Doug Rixmann <rixmannd@rdsdata.com> wrote:
That’s what happens… some additional information:
- nameloc is running on all devices (6 devices)
- if I don’t start nameloc on a device, it complains about licensing. Can I
start it to get the device up and then kill the nameloc process on all
devices but the 2 servers?
Use nameloc -k on the non-server nodes to make them aware of the
license information from the server nodes.

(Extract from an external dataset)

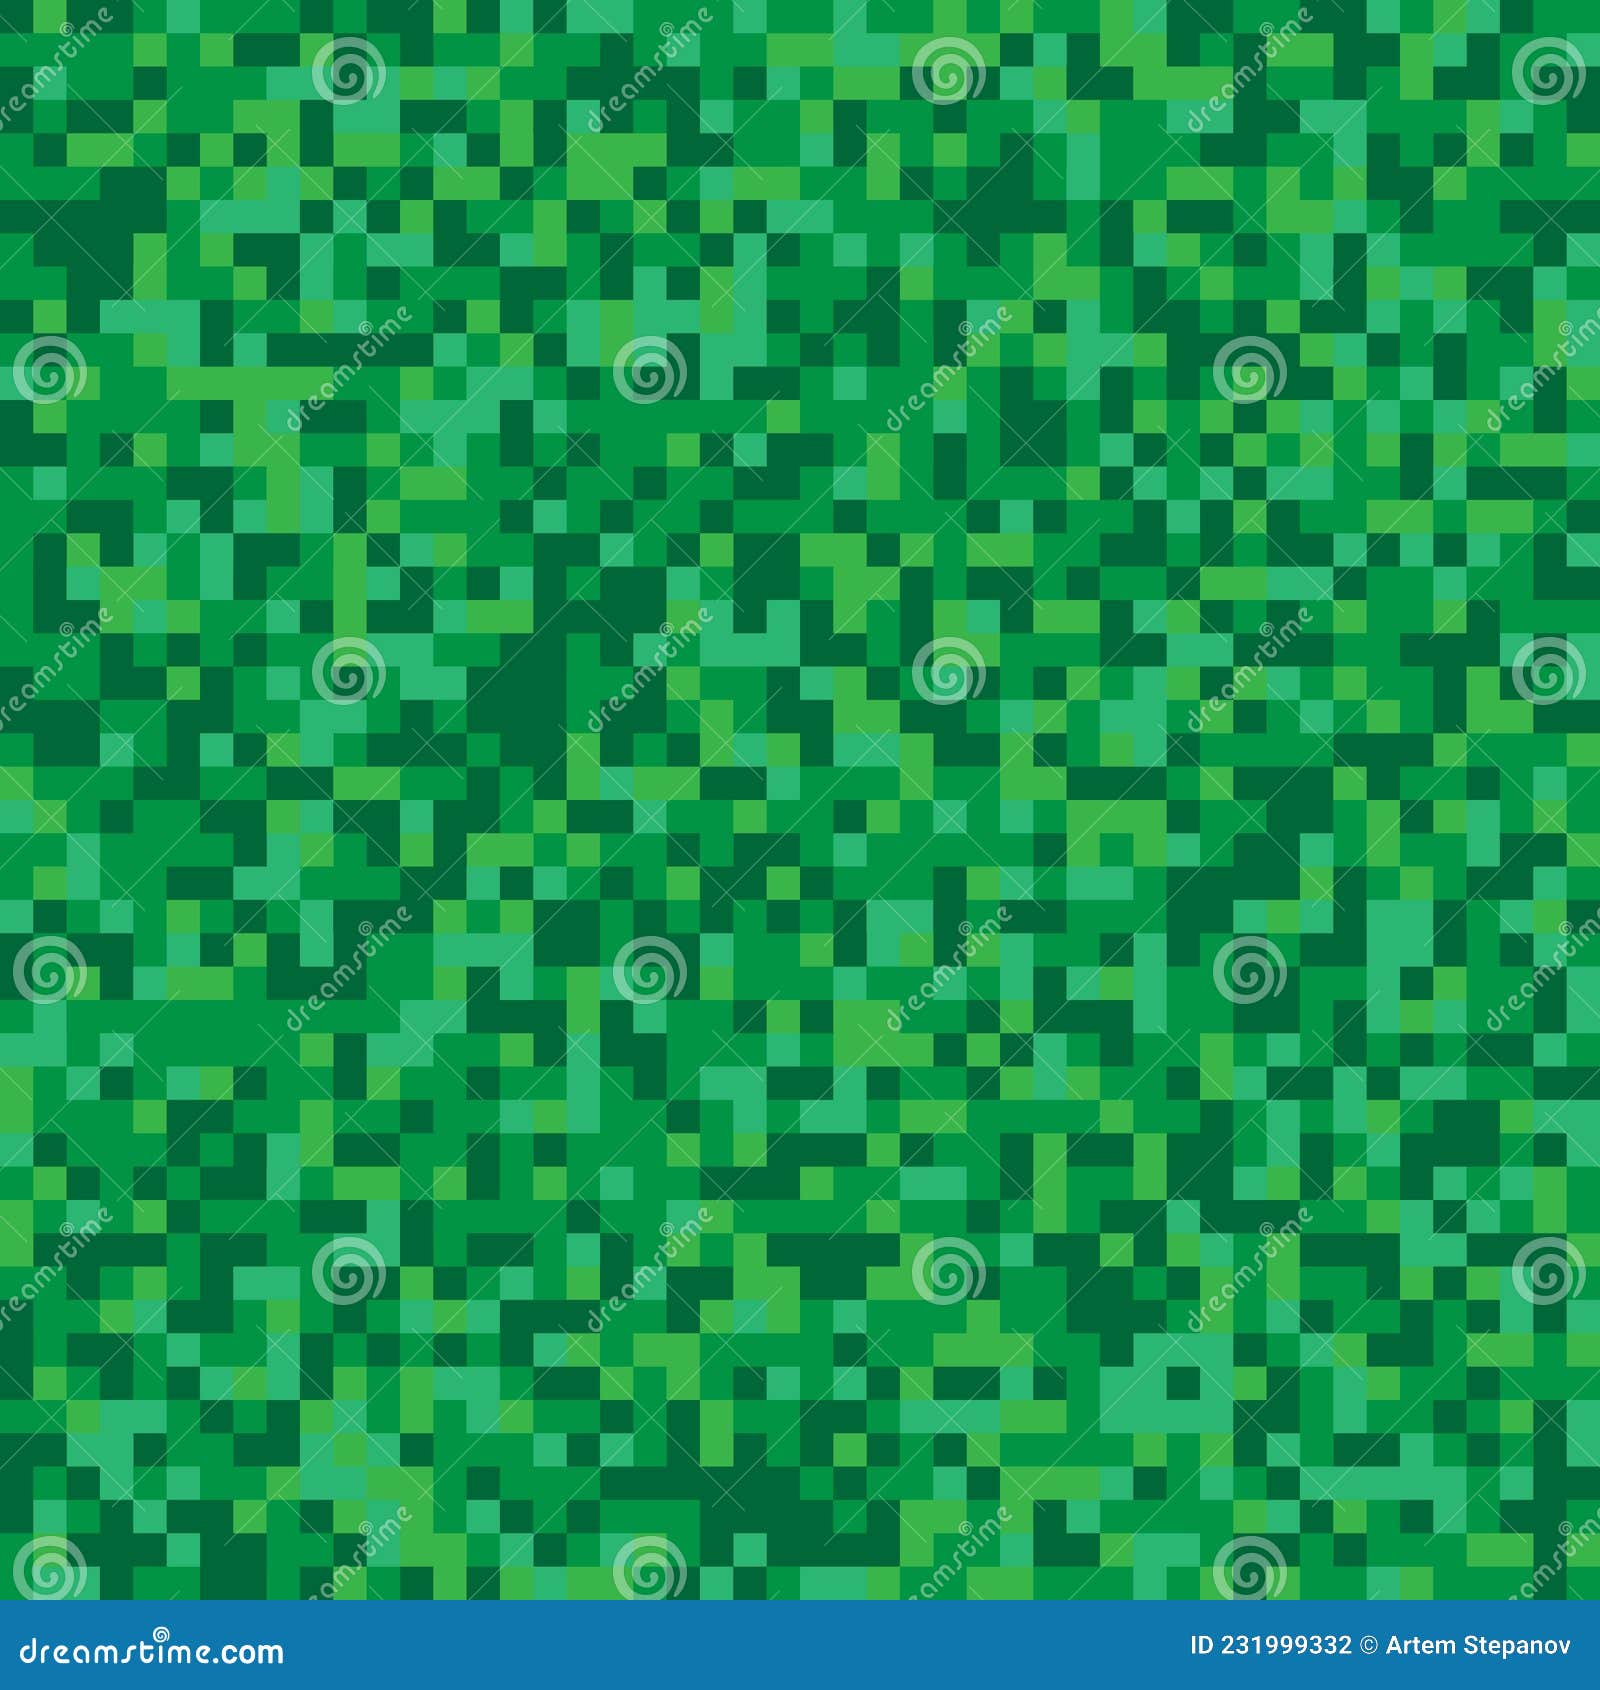 Pixel Grass Texture Background, Green Retro Square Grass Pattern Stock  Vector - Illustration of rough, farm: 231999332

- netpoll is running on all devices (within our application) as
netpoll -i1 -p1 -r1
- not sure of the value of this
This is probably the source of your problem with the hub going,
and everything going.
With this command to netpoll, you’ve said (basically) “I’ve got a
perfect netowrk, treat the slightest failure as a real failure.”
There is, basically, a tradeoff between ability to handle/ignore
transient failures, and the ability to quickly detect real failures.
netpoll basically controls how long before you look for a failure,
how often you retry, and how long between retries. You’ve taken
ALL of these options to a minimum value, basically saying that give
up (tear down the connection, ie the vc) after the slightest failure.
The default values are: netpoll -i10 -p10 -r6 – which will take about
10 minutes to finally give up on another node.
You’re numbers will give up on another node after about 2 seconds.
You may want to choose some values in between.
There are other parameters that can affect network resiliency, some
in the command line to Net, some in the driver command line.
On the how long before fail:
Net.driver:
-n tx_num_retries max number of tx retries after timeout (default 3)
-t tx_retry_ticks number of 50ms ticks between tx retries (default 20)
And on the recover side:
Net:
-t tx_fail_time time in seconds before retry failed network for node (40)
Net.driver:
-f tx_forget_time seconds until rxd nack is forgotten about for txing
-David
QNX Training Services
http://www.qnx.com/support/training/
Please followup in this newsgroup if you have further questions.